Color: Dark ruby ​​red with garnet reflections.
Smell: The nose is intense and complex with notes of cherry and plum accompanied by notes of tobacco, black pepper, licorice and hints of mint and incense.
Taste: On the palate it is enveloping, structured, rightly tannic but with good softness and long persistence.
Food pairing: Perfect for first courses with meat sauces, second courses based on red meats and game, meats with sauce, aged cheeses and intense cold cuts.

"Fren" as a soul, from ancient Greek, expresses in the name the essence of the old Aglianico vines cultivated to "sit".

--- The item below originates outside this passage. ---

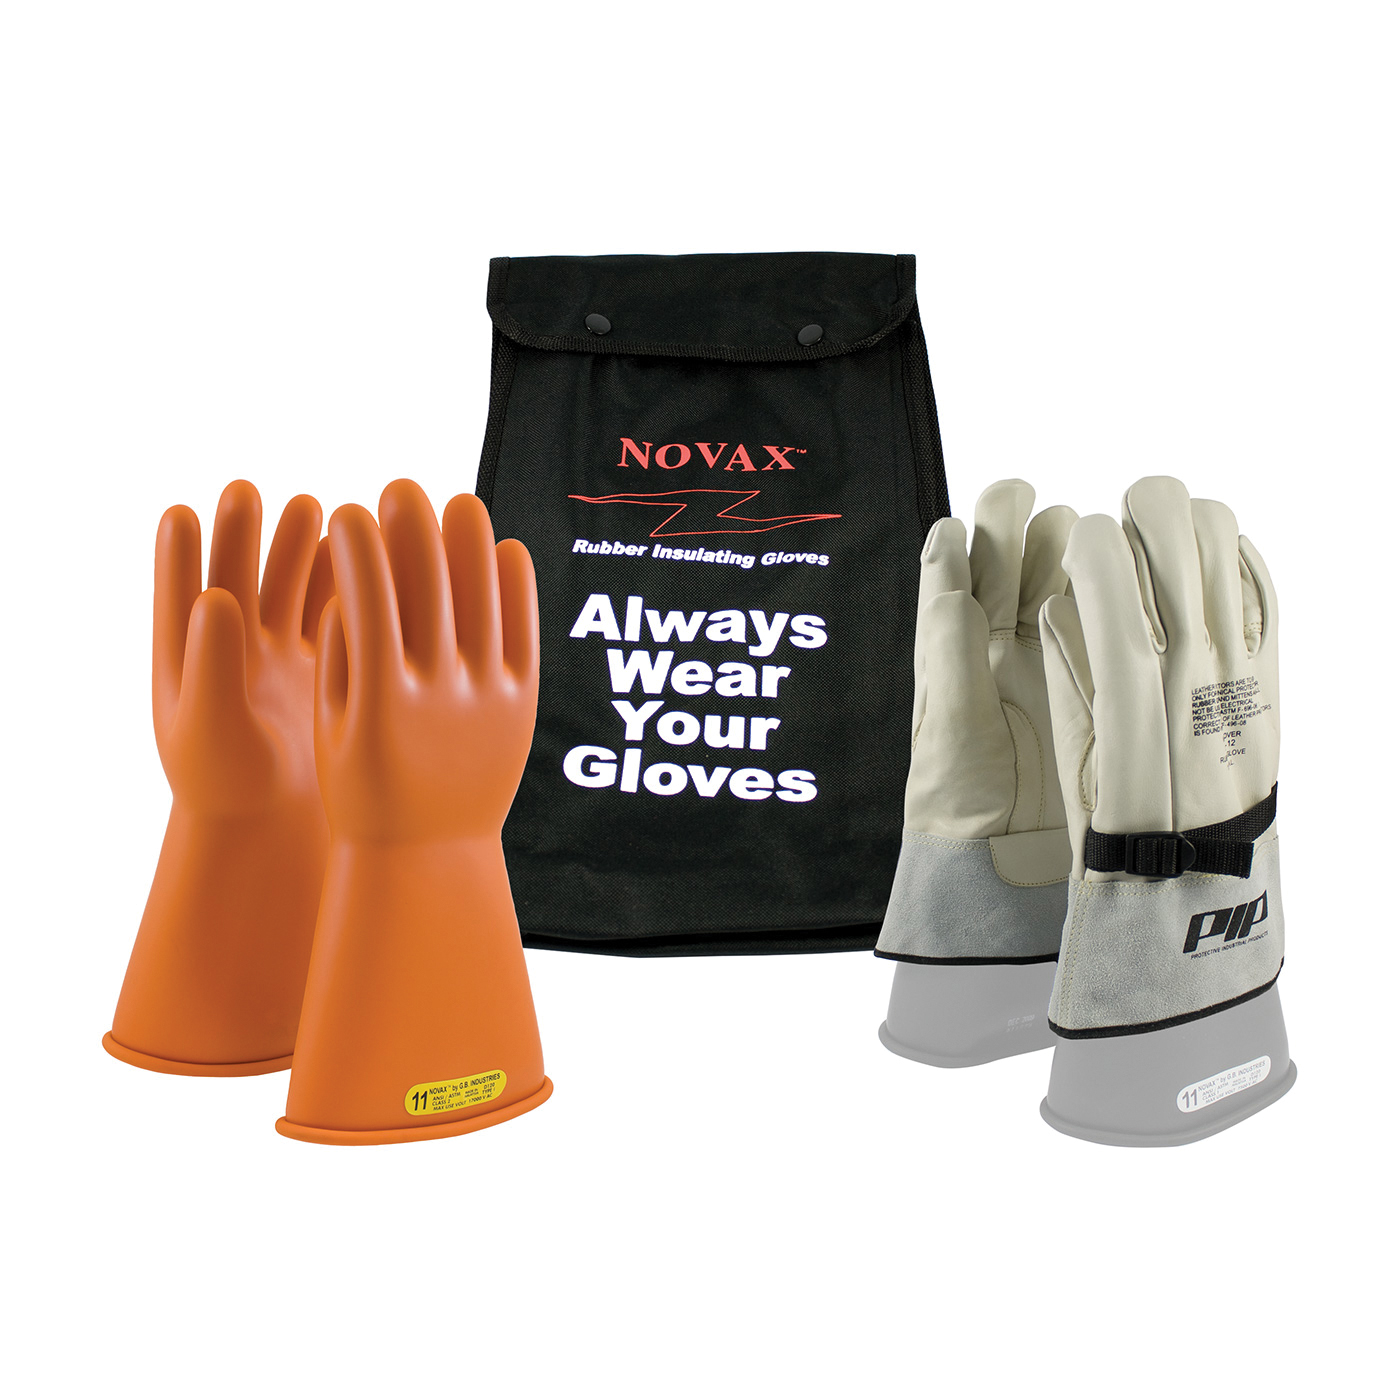 Novax® 147-SK-2/9-KIT Insulating Unisex Electrical Safety Gloves Kit, SZ 9, Cowhide Leather/Natural Rubber, Natural/Orange, 14 in L, ASTM Class: Class 2, 17000 VAC, 25500 VDC Max Use Voltage

Breeding system: Starseta (Avellinese Rays).
Vineyard age: 70 years.
Yield: 40 q.li/ha.
Defense: Integrated fight.
Harvest: Manual in small 15kg crates, between late October and early November.
Vinification: 20 days in steel tanks.
Aging: 24 months in 30hl oak wood, 12 months in steel and bottle.
Soil: Clayey-calcareous with the presence of pyroplastic deposits.
Altitude: 530 m a.s.l.

Stefania Barbot

The family business originates in Paternopoli, a small village dating back to pre-Roman times, nestled on the gentle and green hills of the southern Apennines at over 400m above sea level. within the "Taurasi" DOCG. In the three hectares of pre-phylloxera vineyards conducted in a bio-sustainable regime, the Company produces, with manual harvest, Aglianico and Fiano-based wines. The clayey limestone soil, the strong excursions between day and night, the hills covered with old vines and new plants, the perfect balance between climate, grape variety and soil, represent the ideal setting for our vineyards. The vineyards, located between 450 and 530 meters above sea level, with some of the plants over 70 years old, are the main pieces of a corporate mosaic that favors quality over quantity while respecting the environment. Careful management in the field, with severe winter pruning, topping, leaf removal and thinning, allows for healthy and ripe purple clusters to be harvested between the end of October and the beginning of November. The magic of the harvest, carried out by hand and selecting the best grapes, allows you to bring the soul of the wine to the cellar.